12.8 (Optional) Polymorphism, Virtual Functions and Dynamic Binding “Under the Hood”

C++ makes polymorphism easy to program. It’s certainly possible to program for polymorphism in non-object-oriented languages such as C, but doing so requires complex and potentially dangerous pointer manipulations. This section discusses how C++ can implement polymorphism, virtual functions and dynamic binding internally. This will give you a solid understanding of how these capabilities really work. More importantly, it will help you appreciate the overhead of polymorphism—in terms of additional memory consumption and processor time. This can help you determine when to use polymorphism and when to avoid it. C++ Standard Library classes like array and vector are implemented without polymorphism and virtual functions to avoid the associated execution-time overhead and achieve optimal performance.

First, we’ll explain the data structures that the compiler builds at compile time to support polymorphism at execution time. You’ll see that polymorphism is accomplished through three levels of pointers, i.e., triple indirection. Then we’ll show how an executing program uses these data structures to execute virtual functions and achieve the dynamic binding associated with polymorphism. Our discussion explains a possible implementation; this is not a language requirement.

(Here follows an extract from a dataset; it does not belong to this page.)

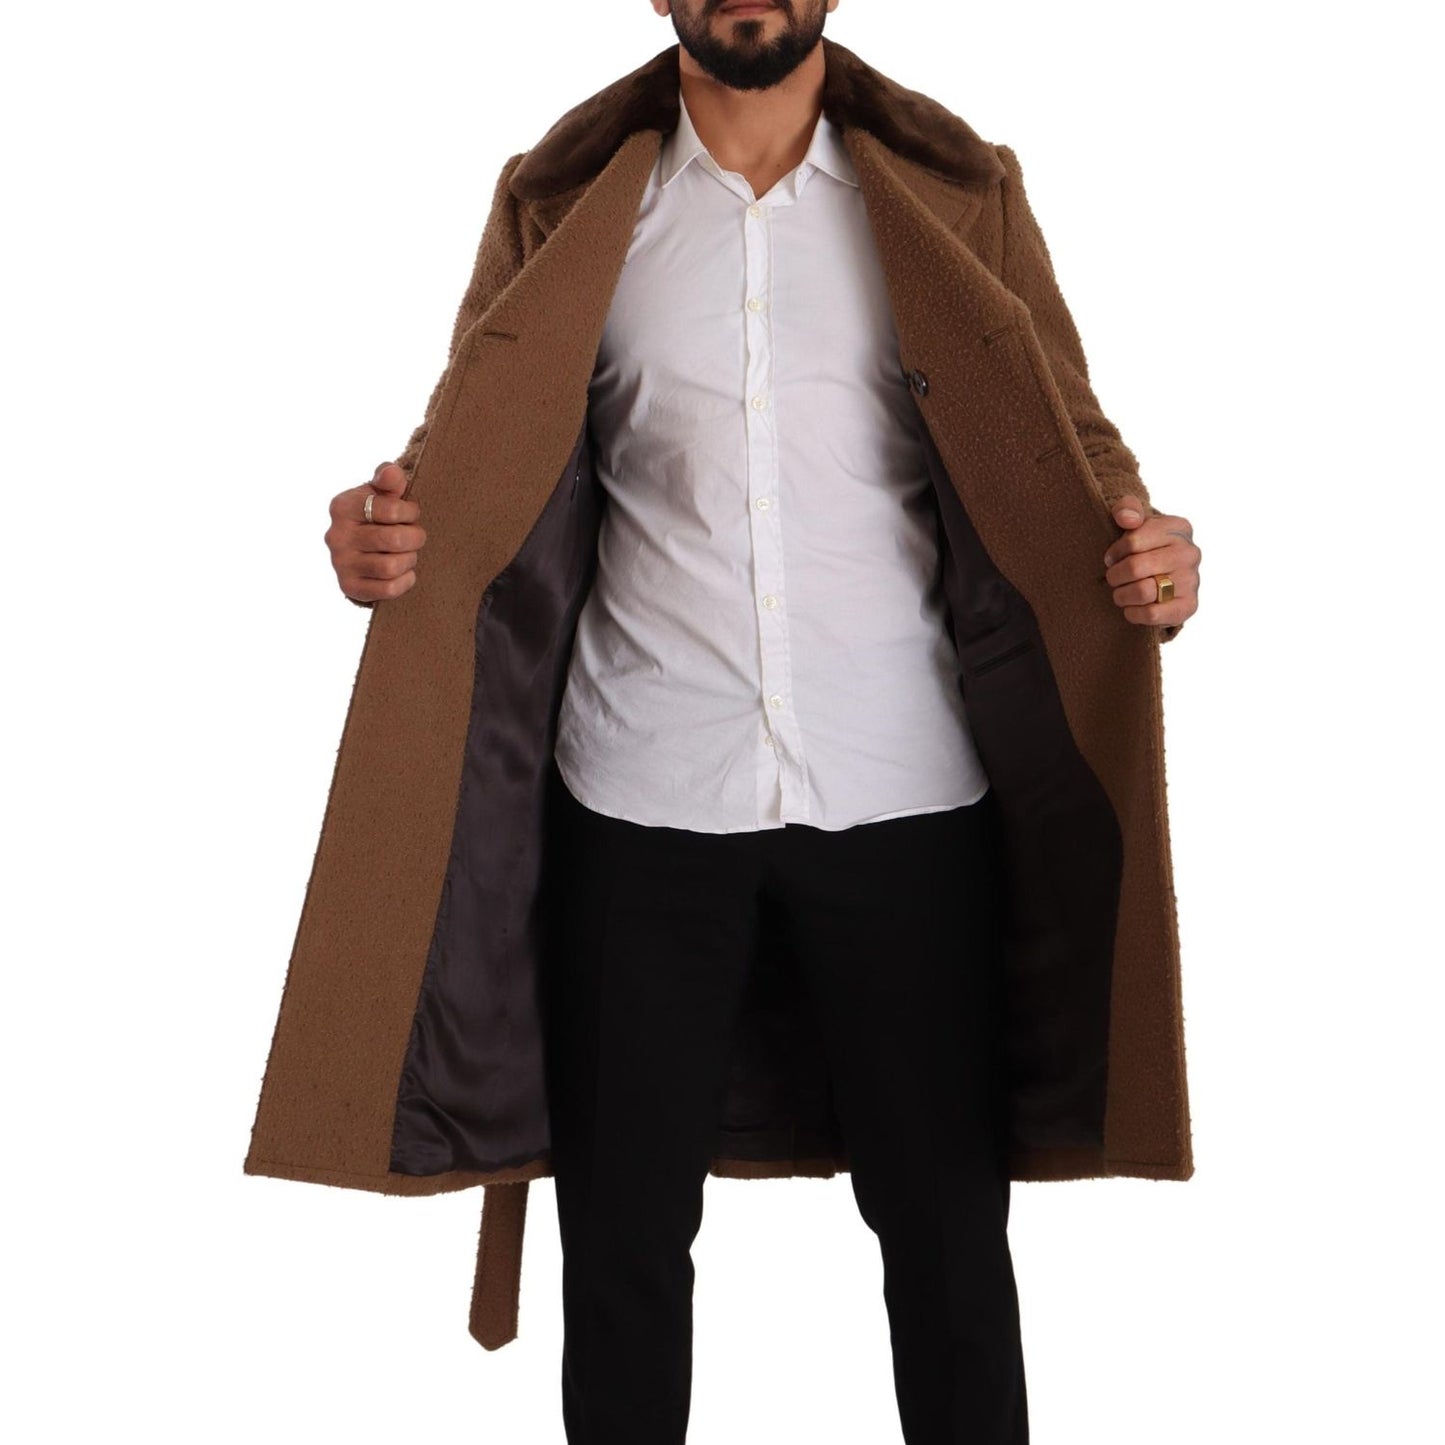 Dolce & Gabbana Elegant Double Breasted Wool Overcoat brown-wool-long-double-breasted-overcoat-jacket IMG_5046-scaled-58d12f50-e0c.jpg
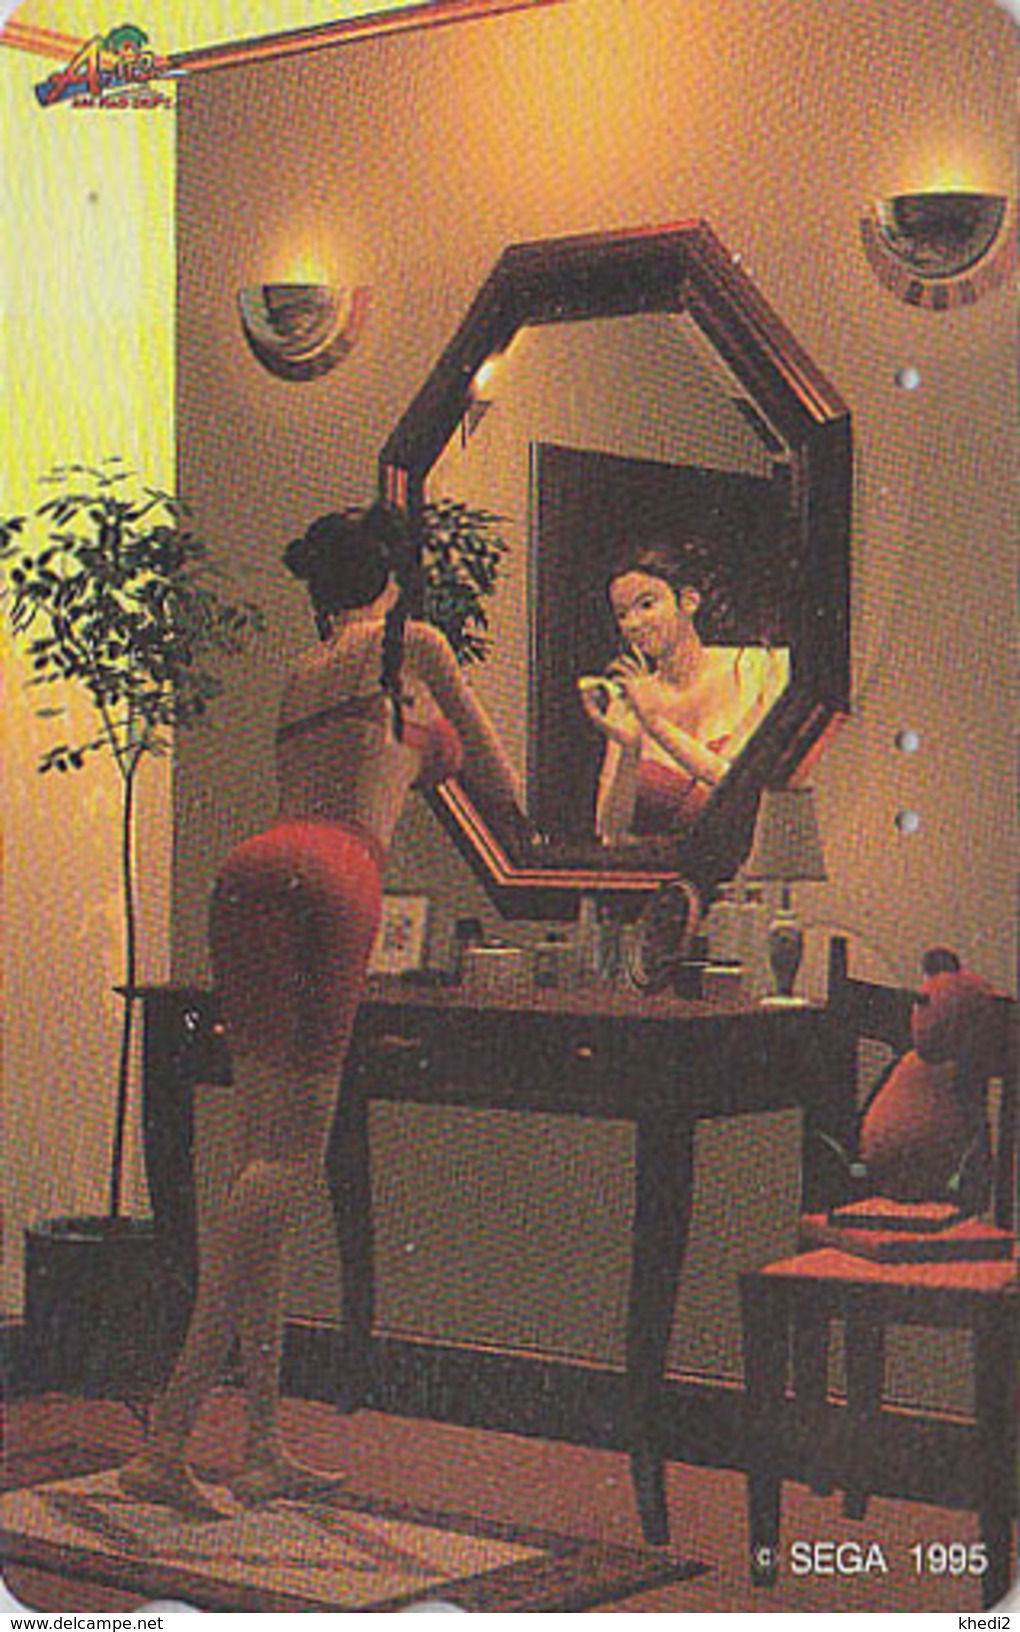 Télécarte Japon / 110-011 - Jeu Video - SEGA - Femme érotique - Erotic Bikini Girl - Game Japan Phonecard / Manga - 4033 - Games

When C++ compiles a class that has one or more virtual functions, it builds a virtual function table (vtable) for that class. The vtable contains pointers to the class’s virtual functions—a pointer to a function contains the starting address in memory of the code that performs the function’s task. Just as an array name is implicitly convertible to the address of the array’s first element, a function name is implicitly convertible to the starting address of its code. An executing program uses the vtable to select the proper function implementation each time a virtual function of that class is called on any object of that class. The leftmost column of Fig. 12.18 illustrates the vtables for the classes Employee, SalariedEmployee, CommissionEmployee and BasePlusCommissionEmployee.

Employee Class vtable

In the Employee class vtable, the first function pointer is set to 0 (i.e., nullptr), because function earnings is a pure virtual function and therefore lacks an implementation. The second function pointer points to function toString, which returns a string containing the employee’s full name and social security number. [Note: We’ve abbreviated the output of each toString function in this figure to conserve space.] Any class that has one or more nullptrs (represented with the value 0) in its vtable is an abstract class. Classes without any nullptrs in their vtables (such as SalariedEmployee, CommissionEmployee and BasePlusCommissionEmployee) are concrete classes.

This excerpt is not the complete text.